60 yıl önce 2500 Türk’ün göç ettiği Almanya’da bugün 1.6 milyon Alman, 1.4 milyon Türkiye Cumhuriyeti vatandaşı olmak üzere 3 milyon Türk’ün yaşadığını söyleyen Nakiboğlu , 60 yıl sonra 4. neslin dünyaya geldiği Almanya’da misafir işçi durumundan kalıcı yaşama geçen Türklerin, 21. yy’da Avrupalı Türkler olarak yeni bir kimlik kazanma yolunda hızlı ilerlediğini ve söz konusu yeni kimliğin gelecek nesillerin asimilasyonunu da ortaya çıkaracağını ifade etti ve şöyle söyledi: “Yeni nesiller, öncü nesillerle bağlarının kopması sonucu eğer üzerinde durulmazsa maalesef ana dilin temsil temsil ettiği tüm dini milli ve kültürel değerlerini kaybedeceklerdir.”
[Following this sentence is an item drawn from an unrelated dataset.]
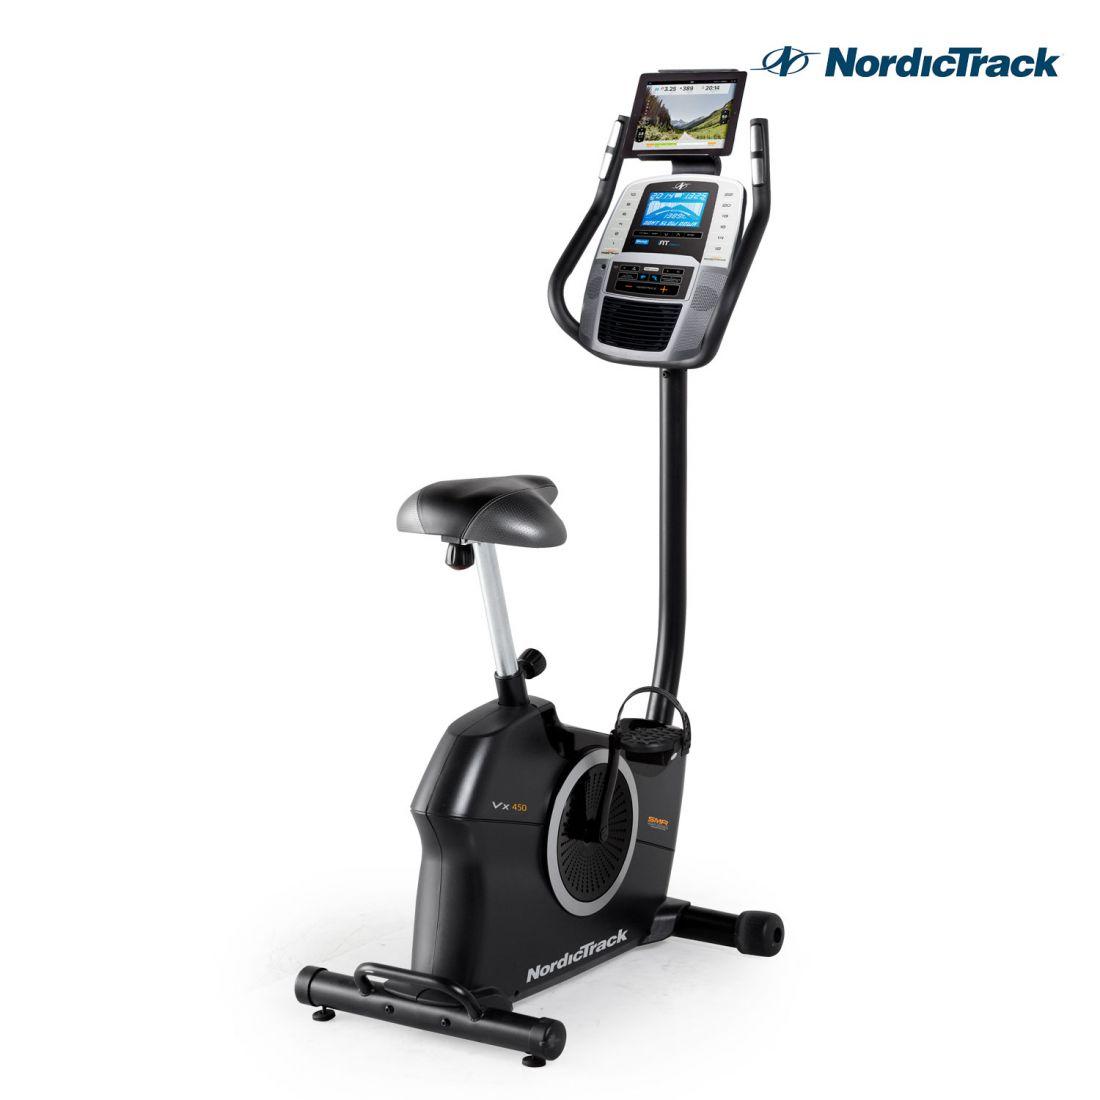 Велотренажер - NordicTrack VX 450

Nakiboğlu, “Kanakça” kelimesinin anlamı hakkında ise şöyle söyledi: “Tarihi kaynaklarda Kanak, Fransızların yeni Kaledonya halkına verdiği bir addır. Farklı milletler tarafından farklı anlamlarda kullanılan “Kanak” kelimesi Almanlar tarafından ise Türkleri aşağılamak amacı ile kullanılmaktadır.” dedi ve bu tür aşağılayıcı tanımlamalar sonrasında ortaya yeni bir dilin çıktığını Almanya’da yaşayan özelikle ikinci nesil gençlerin, Almanların onları dışlaması sonucunda kendi dünyalarında bir bariyer oluşturduğunu, kendi tarzları, kendi sınırları, kendi müzikleri olduğunu ve bunlara ek olarak da kendi dillerini eklediklerini aktardı.
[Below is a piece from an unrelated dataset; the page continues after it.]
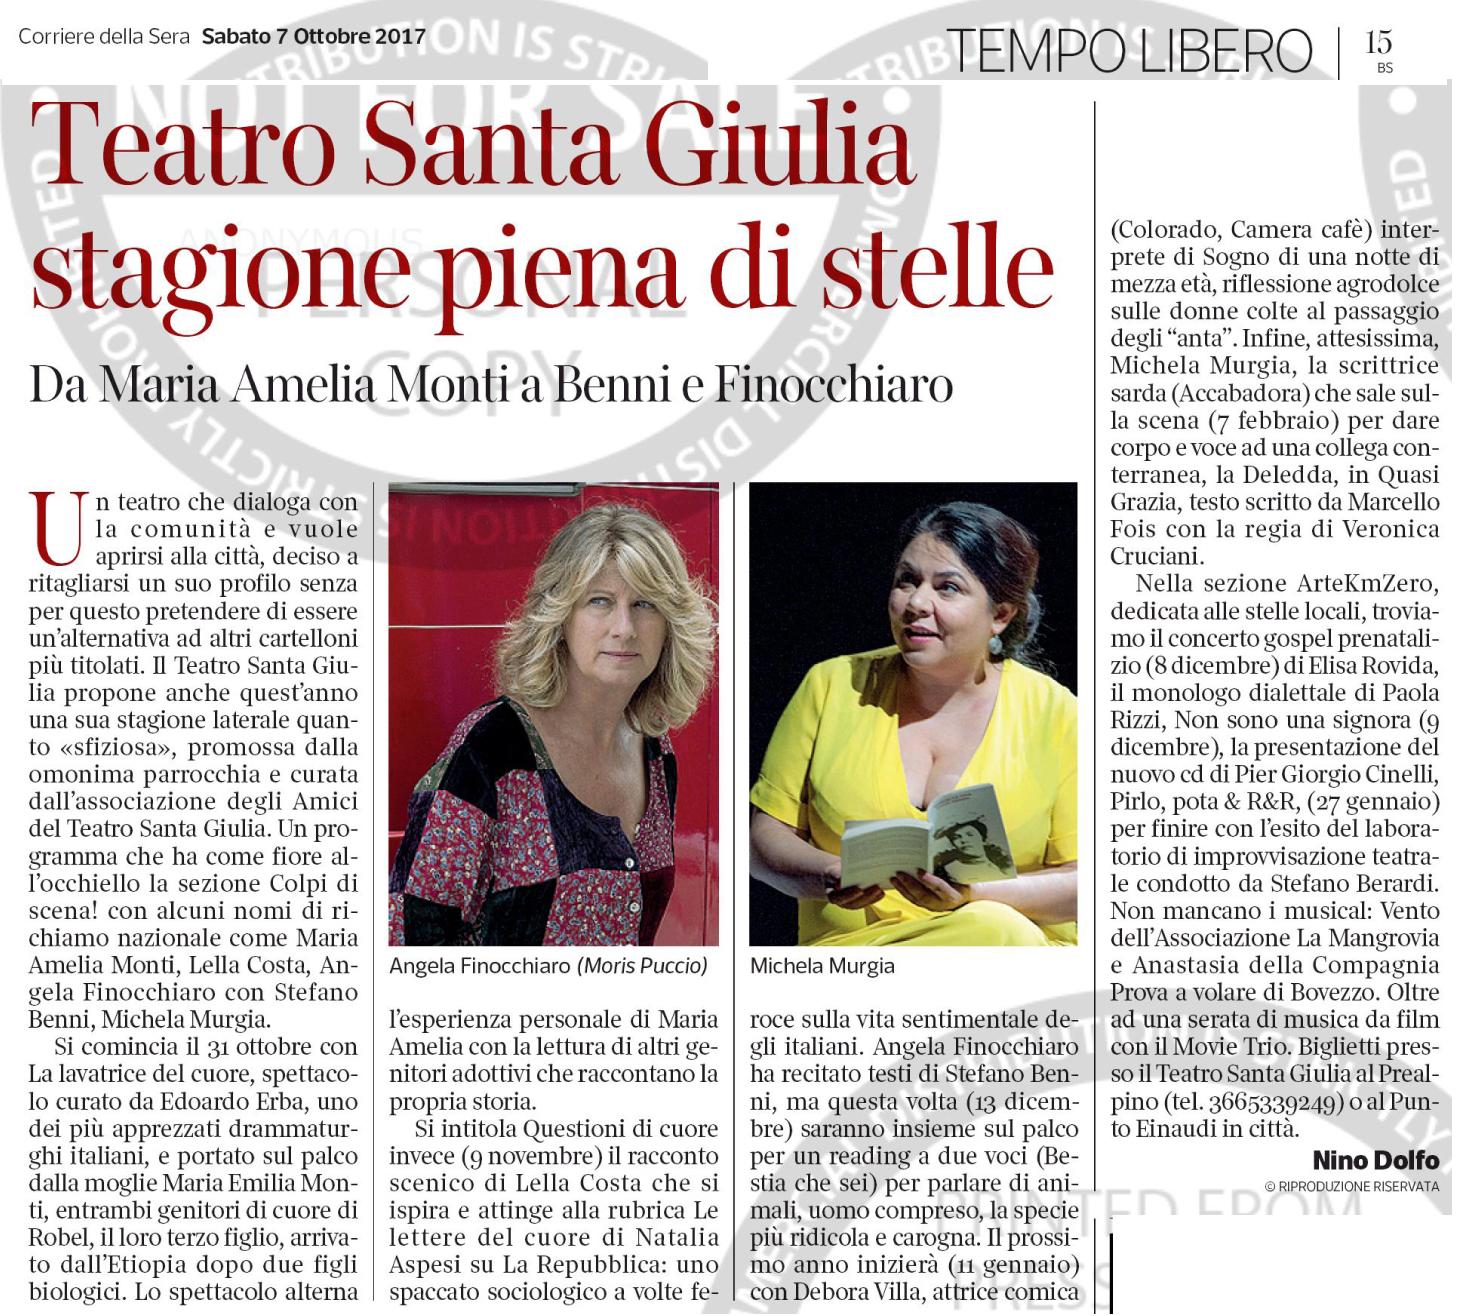 Corriere della Sera (Brescia) 7 ottobre 2017

Almanya’nın büyük şehirlerinde, gettolara sıkıştırılan birinci kuşak Türkler’in farklı dil, ırk ve sosyal kültüre sahip olmaları ve yetersiz Almanca bilgisi öne çıkarılarak “Kanake” gibi terimlerle tanımlandığını belirten Doç. Dr. Meryem Nakiboğlu, bunlara tepki olarak Almanya’nın başkenti Berlin’in Kreuzberg semtinde gettolaşmış Türklerin ikinci kuşak nesli tarafından babalarının Almanlar tarafından maruz bırakıldığı aşağılayıcı sıfata tepki olarak yine babalarının dil kuralları dışında konuştuğu bozuk Almanca ile ortaya çıkarttıkları yeni lehçe “Kanakça”nın günümüzde Almanya ve diğer Avrupa ülkelerinde dil bilimcilerin dikkatini çeken, önemsenen, araştırmalar yapılan bir konu olduğunu da sözlerine ekledi.